- Listed entries

[Start of section]

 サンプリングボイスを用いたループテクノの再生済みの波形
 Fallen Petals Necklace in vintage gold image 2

[End of section]
[Start of section]

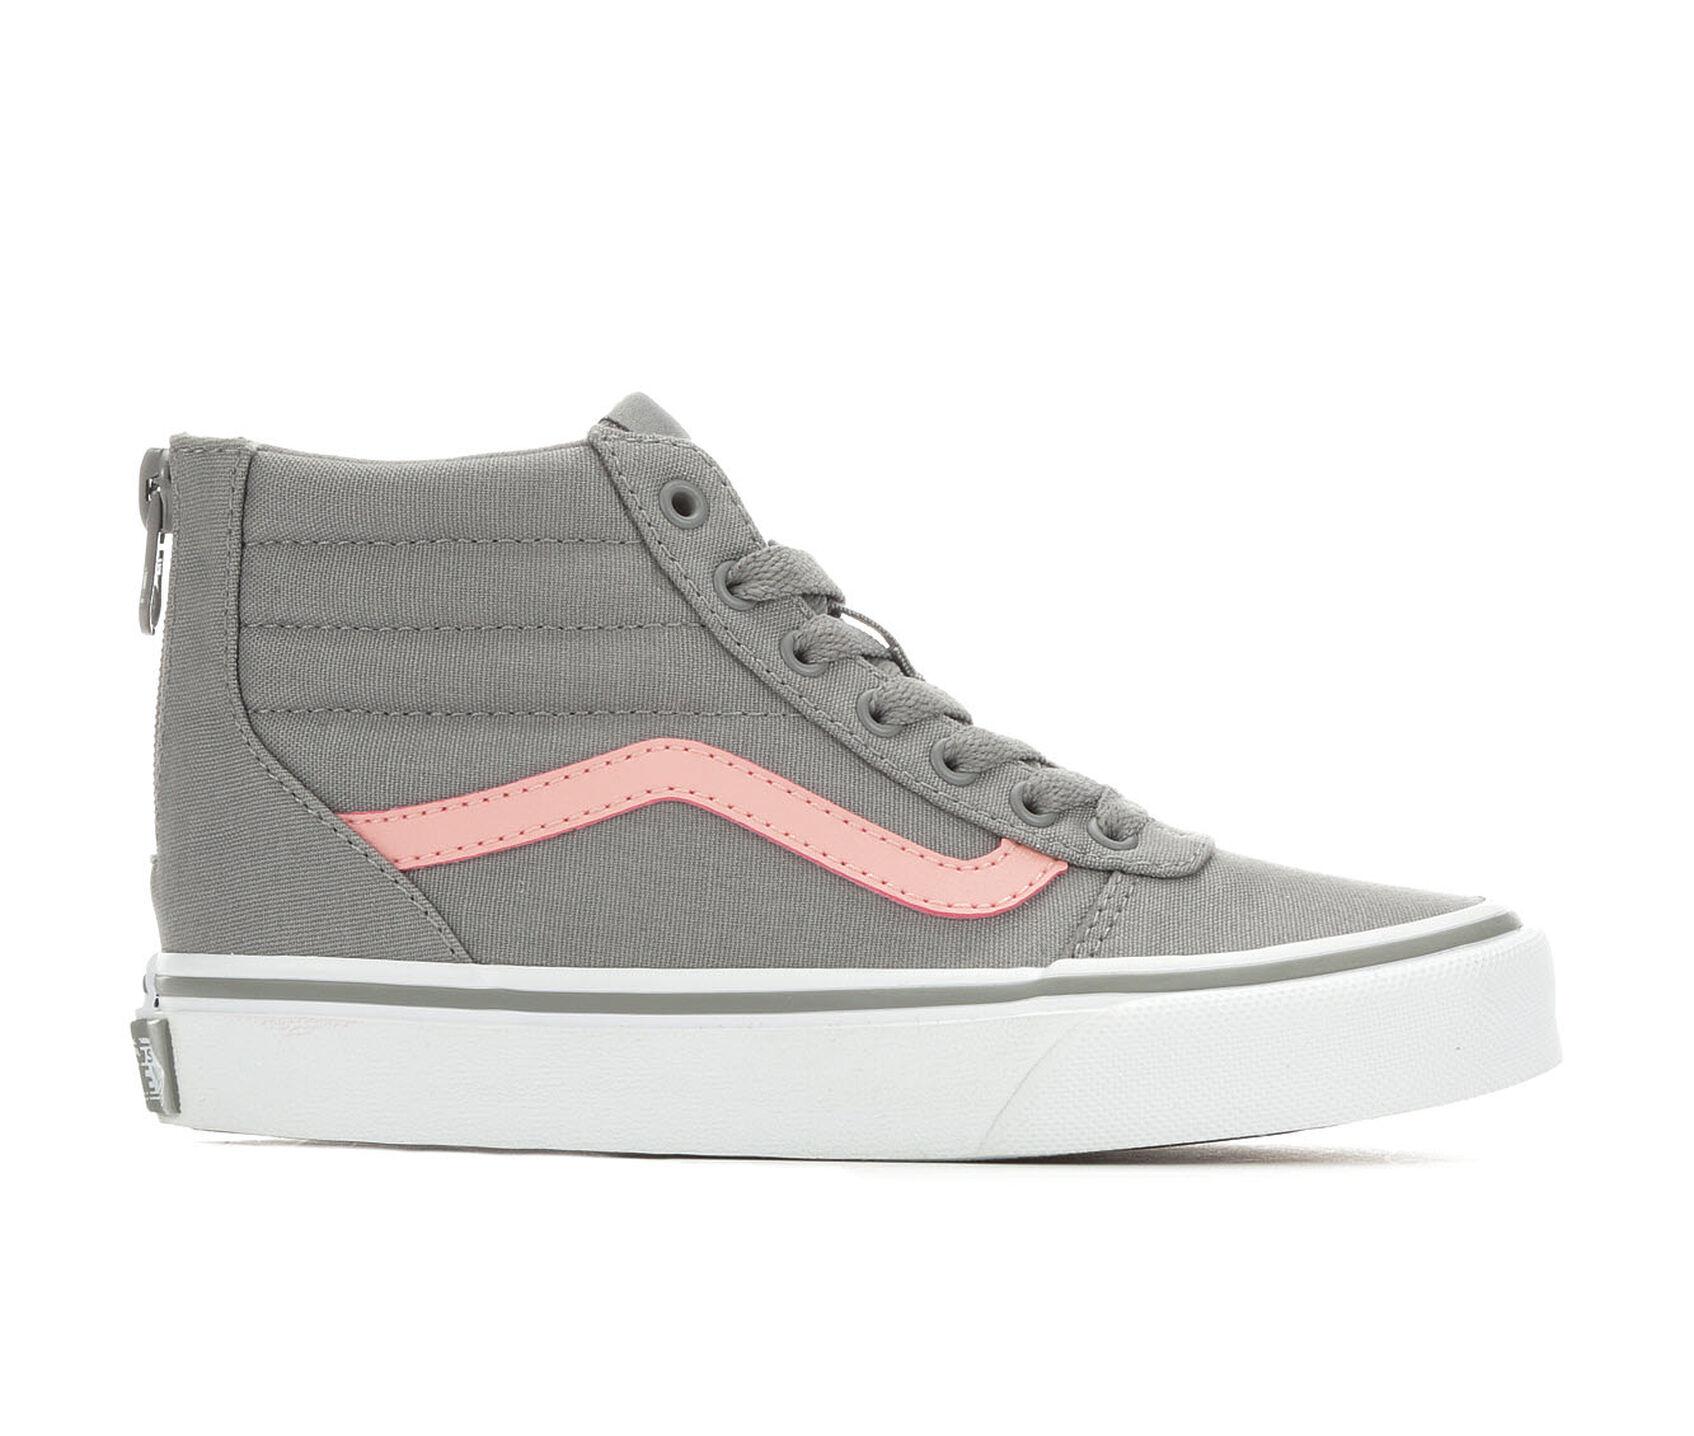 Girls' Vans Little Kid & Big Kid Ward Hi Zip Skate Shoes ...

[End of section]

- Requirement
When you reach the line containing "サンプリングボイスを用いたループテクノの再生済みの波形" in the data above, start copying exactly, and stop after the line containing "Fallen Petals Necklace".

- Solution to the exercise
 サンプリングボイスを用いたループテクノの再生済みの波形
 Fallen Petals Necklace in vintage gold image 2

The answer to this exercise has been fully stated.